I think what we are really arguing over is essentially the balance of heart and mind. For the most part, the public does not want their art to make them think. They want to feel. Whether they want to feel good, sad, glad, or bad, there is a song for it. But they usually just want to feel something they can relate to without having to think about it very much. Thinking is too hard for the general public.
Most of us that are into progressive rock tend to gravitate toward it because it has a tendency to be a little bit more on the cerebral side. But it still makes us feel something. When a band can find that nice balance between making you think and making you feel (As Dark Side did) then you have happened upon something that is very difficult to do. Because, as I said, the public doesn’t like to think. So getting them to think and feel at the same time is extremely difficult.
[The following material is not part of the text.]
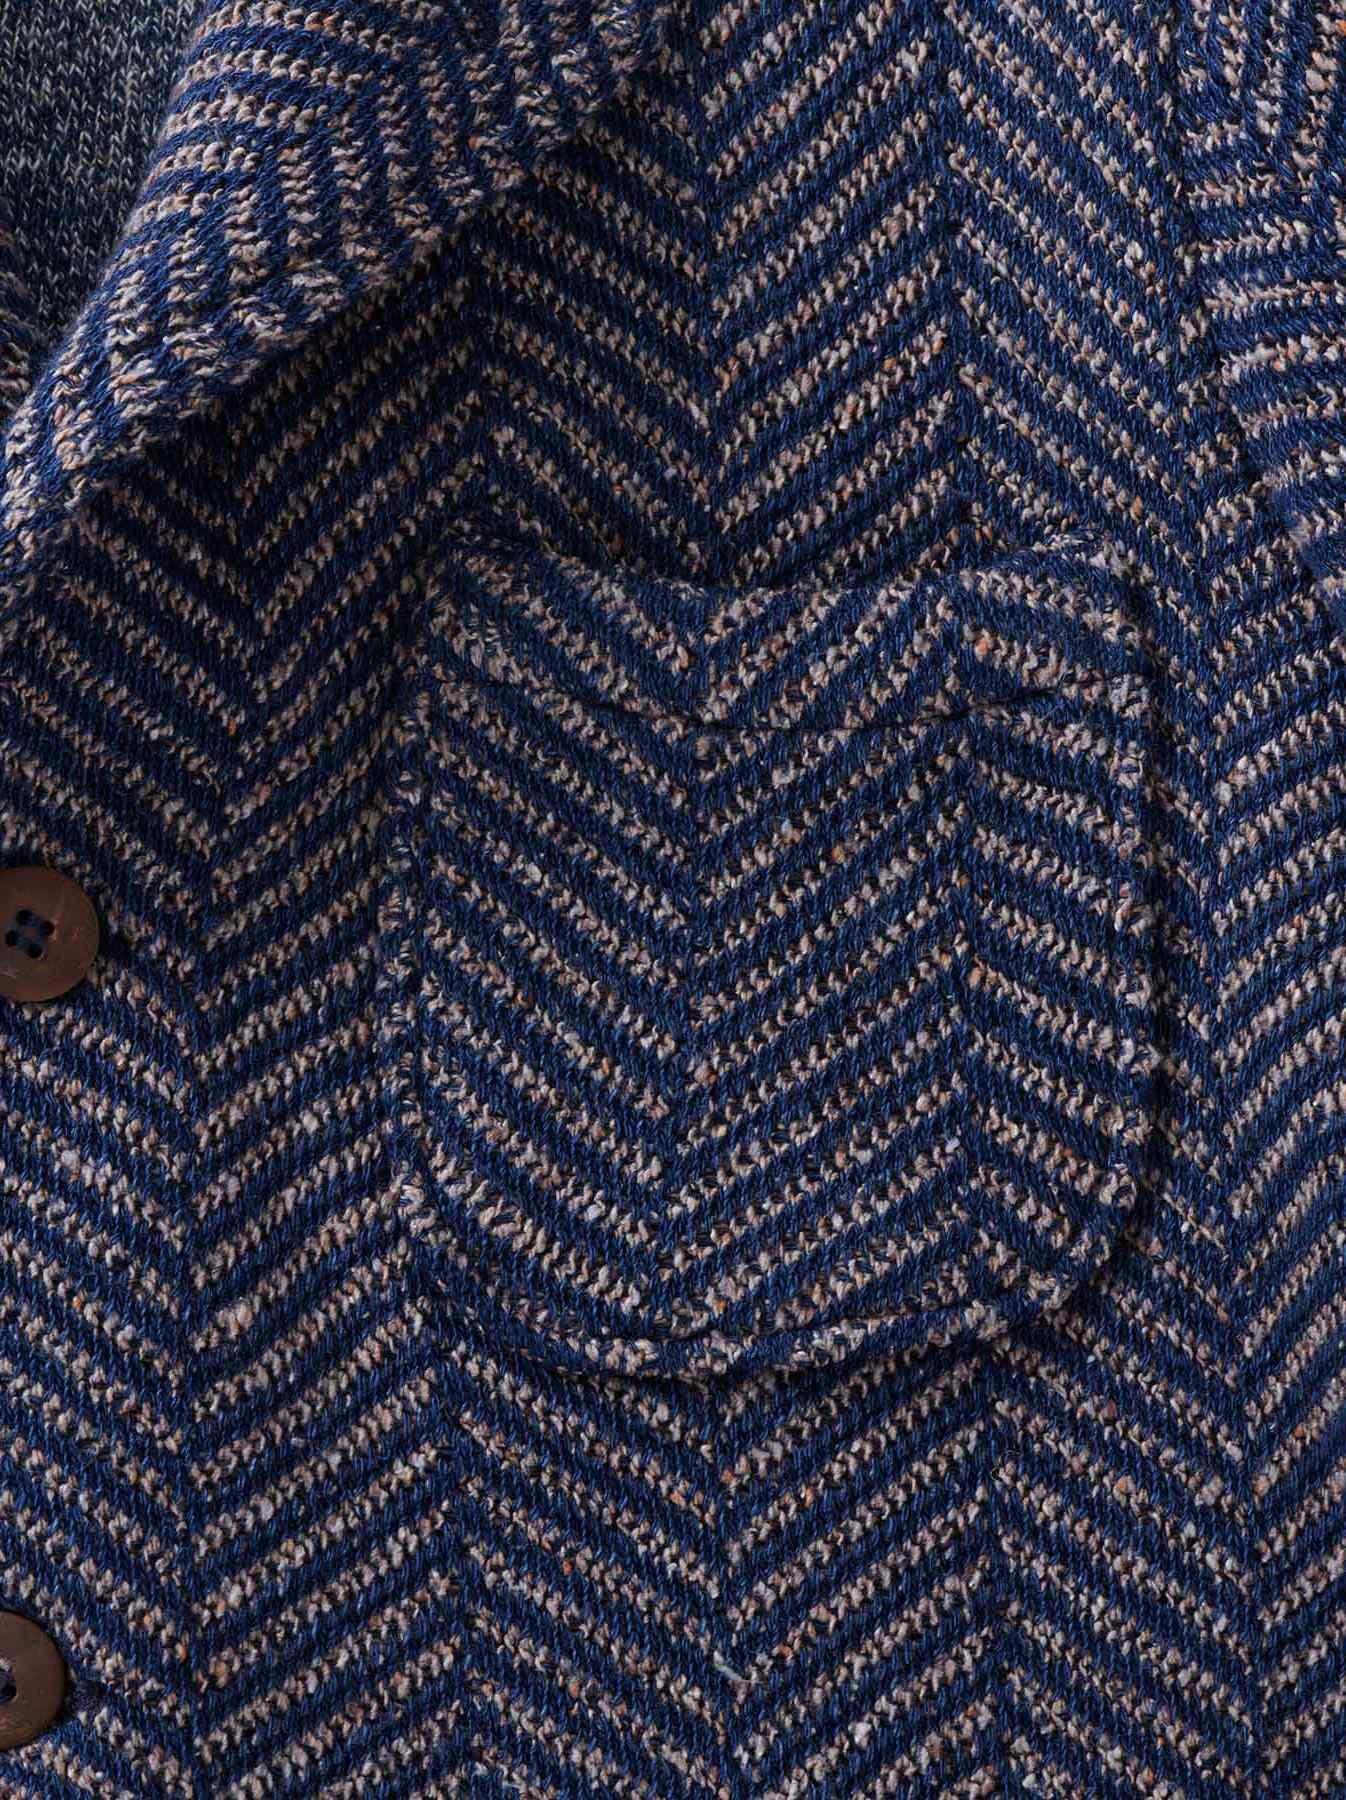 Indigo Cotton Tweed Knit Jacket-8

Getting them to feel ....not so much. To be fair, it does take a measure of talent to elicit an emotion. It takes a little bit more to make somebody truly think. And it takes a lot more to do both at the same time.
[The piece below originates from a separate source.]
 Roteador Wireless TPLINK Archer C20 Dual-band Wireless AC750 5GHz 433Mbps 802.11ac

Look, Jammin, you and I are buds and always will be. I love the degree to which you think about this stuff, and that's sincere. I think of anyone here, I am one of those that appreciates that, and I'm also one of those that could reasonably be accused of over-thinking things on occasion. Having said that, I reject this notion that somehow one (or both) are better than the other. In fact, in my opinion, I think it's EASIER to make people think than it is to make someone feel. I think "Yesterday" - two minutes, three seconds of acoustic guitar and vocal, with a couple vocal and orchestral overdubs - is a FAR greater achievement than say, "Dance Of Eternity". I have something like 30,000 songs in my iPod library, and I can count the number of songs that make me cry on ONE HAND. I can give you 100 off the top of my head that make me think.
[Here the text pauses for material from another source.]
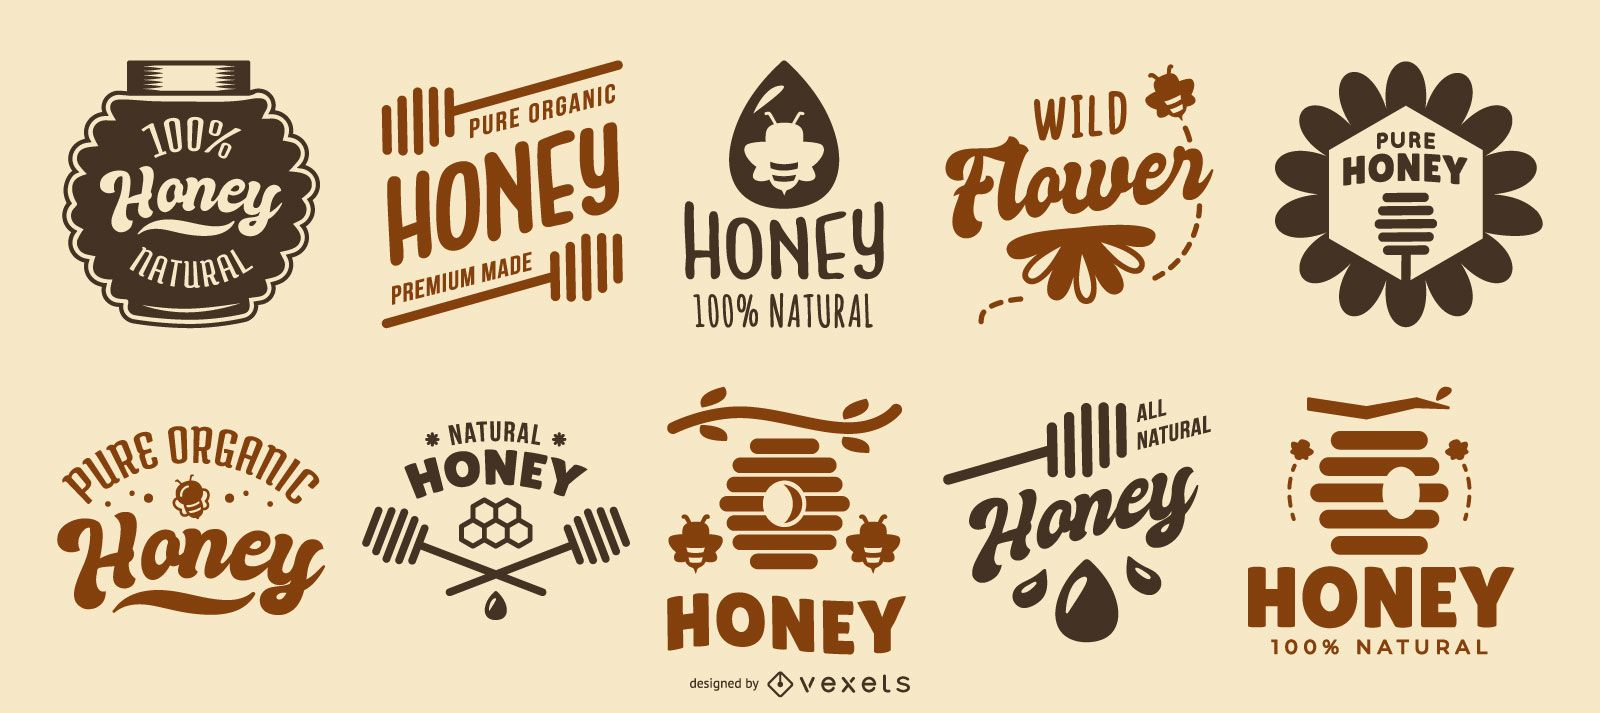 Colección de logos de citas de miel

Where music - art - differs from, say, a toaster, is that it can do BOTH. I've long said this to my daughter (a huge Taylor Swift fan): like what you like, and apologize to NO ONE about it. If it makes you close your eyes and pump your fist, or if it chokes you up, or if it makes you go get the lyric book to see what she's really saying (or who she's saying it about), then you're on to something. Everything else is... pffffft.
I give you this quote from Het (regarding Re-Load, but still): "Fast thrash just wasn't exciting to us anymore, really," Hetfield said. "If I wrote it, then we'd use it, but none of us were writing that stuff. On 'Fuel' there was some pretty quick down-picking — just kind of moving around with root notes — but that's about it. It's was a little more exciting for us to figure out more fucked up chords — things that grind — dissonant bits. In a few of the songs there's helter-skelter tension built in there. That kind of stuff excited us more than the speed stuff."